Which safety or flexible stirrups are good for Para-dressage riding? The peacock safety stirrups hurt my feet and legs, so I can't mount the horse. They are too small. I really need to be able get on the horse again with stirrups.


----------



## Lunarflowermaiden (Aug 17, 2010)

Besides peacock stirrups. We use these Foot Freeâ„¢ Stirrup Irons | Dover Saddlery at the therapeutic riding program that I volunteer at. 

As for flexible ones, I don't really have any experience with those.


----------



## DuckDodgers (May 28, 2013)

How/ what about them hurts your legs? Perhaps you could look into getting a larger pair? Many of them are designed for children and aren't wide enough for adult feet, but they do make them in wider widths.
_Posted via Mobile Device_


----------



## egrogan (Jun 1, 2011)

DuckDodgers said:


> How/ what about them hurts your legs? Perhaps you could look into getting a larger pair? Many of them are designed for children and aren't wide enough for adult feet, but they do make them in wider widths.
> _Posted via Mobile Device_


Yep, this was my question too. It would help to know what's uncomfortable about them. Maybe as simple as replacing the rubber tread if your foot is in pain? But Duck is right, if they are too narrow and pinching, that could be an easy fix too if you can find a larger size. 
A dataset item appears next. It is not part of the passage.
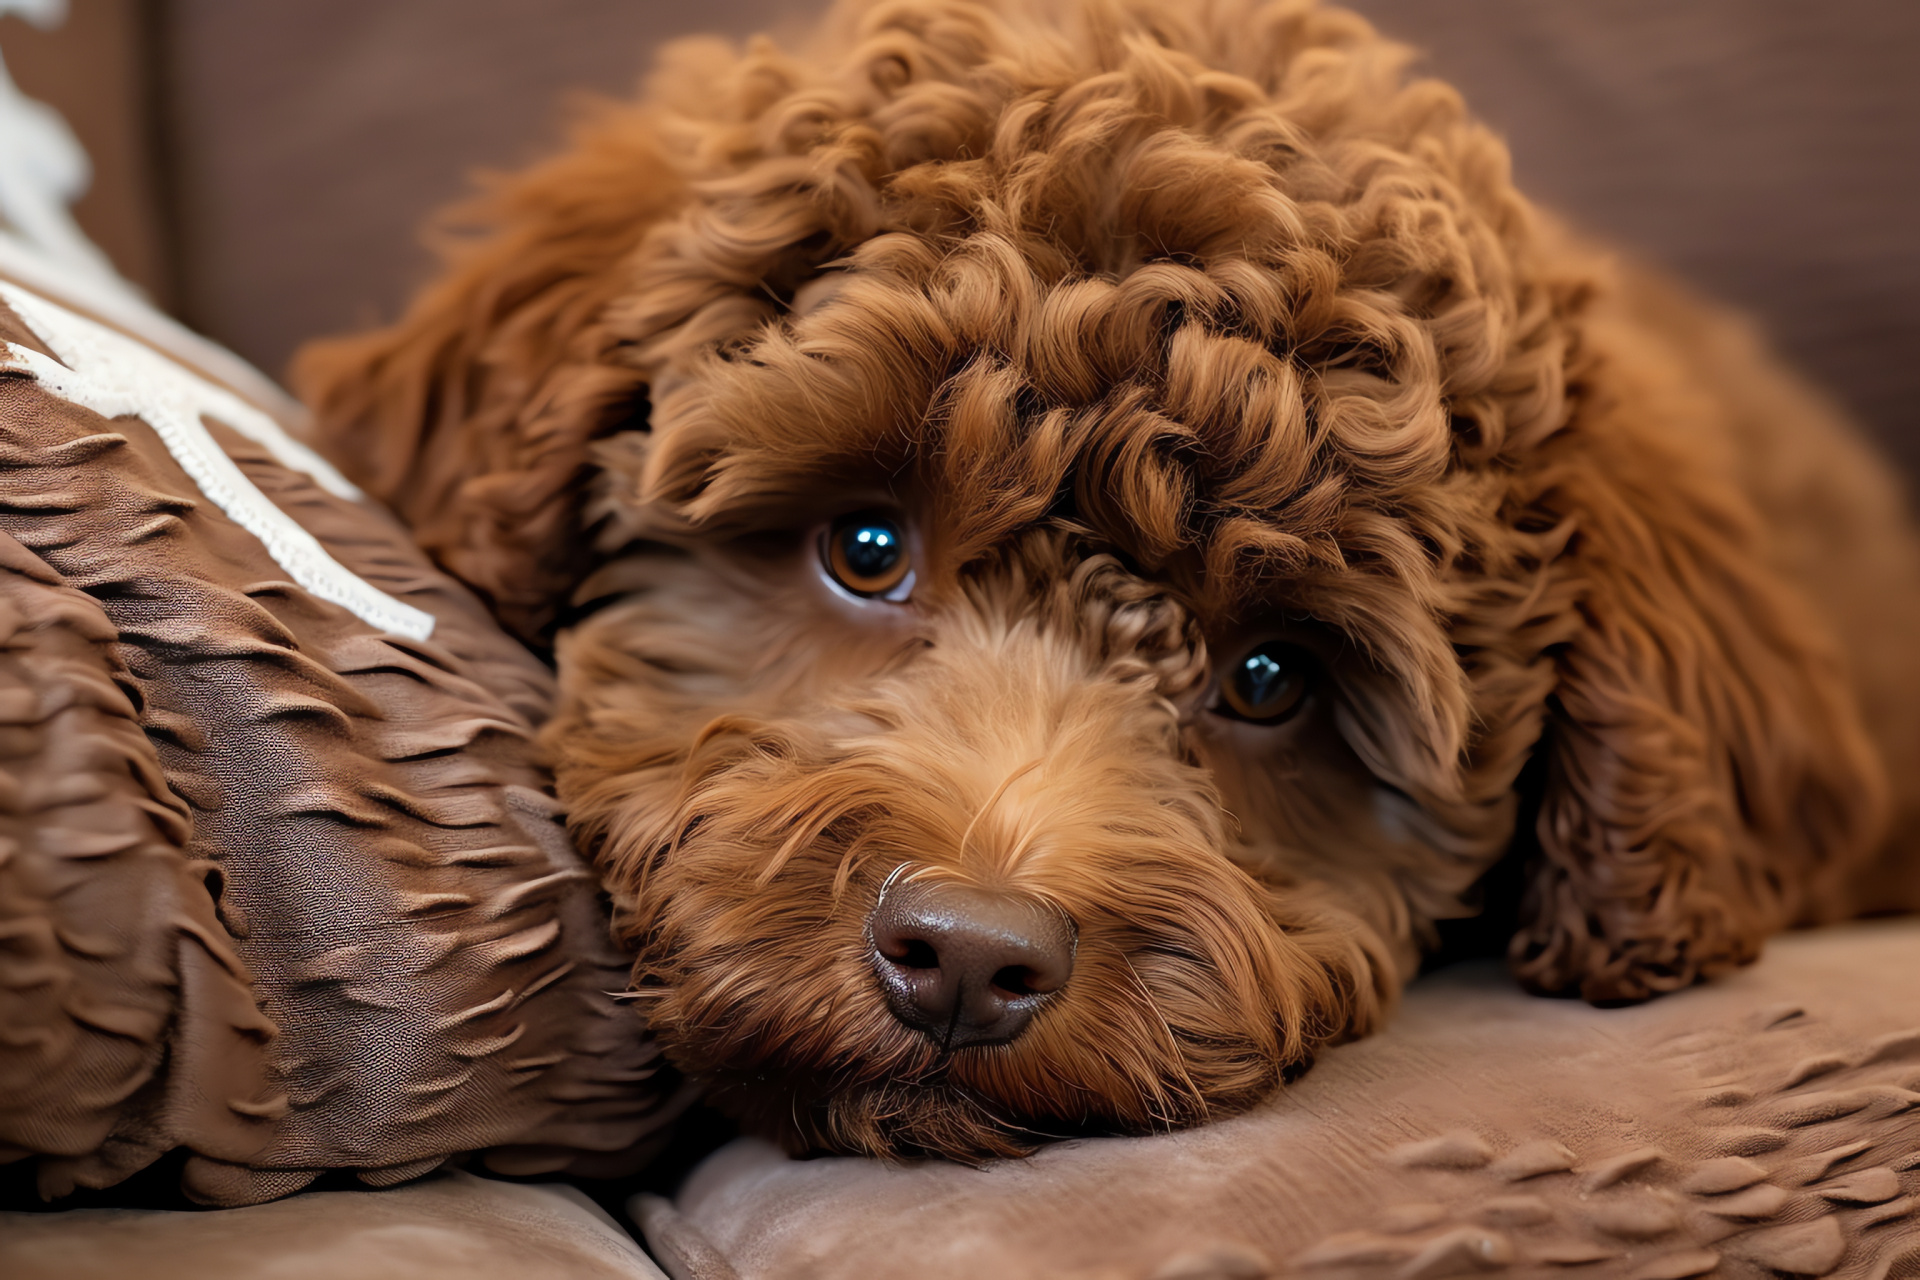 Poodle canine characteristics, Poodle velvety texture, Chocolate fur Poodle, Brown-eyed Poodle, Companion Poodle, HD Desktop Image

In addition to the peacocks (which is what I use with many of my riders) there are a couple of other options that I'm aware of.

Breakaway stirrups: Smart Rider and English Breakaway Safety Stirrups

I know some centers also use devonshire stirrups/toe cages which can help if you are uncomfortable because your foot keeps wanting to come through the front of the stirrup, but not sure if they are used in paradressage (my apologies, I don't know the rules for showing): Dapps English Safety Stirrups

I haven't personally used the flexible stirrups, but here is an example: Korsteel Flex, Flexible Fillis and UMS Flexible English Stirrup Irons

"Foot free" stirrups (curved but solid outer edge of the stirrup gives your foot more room and lets you slide free in case of a fall. They also make them so they can swivel and put less pressure on your ankles): Foot Free and Turned Slot S-Shaped English Safety Stirrups


----------



## Dressagegirl29 (Nov 9, 2014)

The rubber band pinches my foot. I wanted to get a bigger pair in the size 4 3/4, but my dad got the 4 1/2 Peacocks since they were the only ones that saddlery had. My dad is cheap and didn't want to order the correct size of stirrups. I loved the Foot Free when I had my all-purpose saddle, but now, I have a dressage saddle. I've never had any problems with the Foot Free stirrups.


----------



## egrogan (Jun 1, 2011)

OK, that's too bad that the sizing is the problem. Is there a reason you wouldn't use the Foot Free stirrups on your dressage saddle? I don't see a problem with that. In fact, I'm sure that I've done so.


----------



## Dressagegirl29 (Nov 9, 2014)

I might order a pair of the Foot Free Stirrups since I prefer them. My dad didn't take the Foot Free Stirrups off of my old saddle when he gave it away.


----------



## egrogan (Jun 1, 2011)

Dressagegirl29 said:


> I might order a pair of the Foot Free Stirrups since I prefer them. My dad didn't take the Foot Free Stirrups off of my old saddle when he gave it away.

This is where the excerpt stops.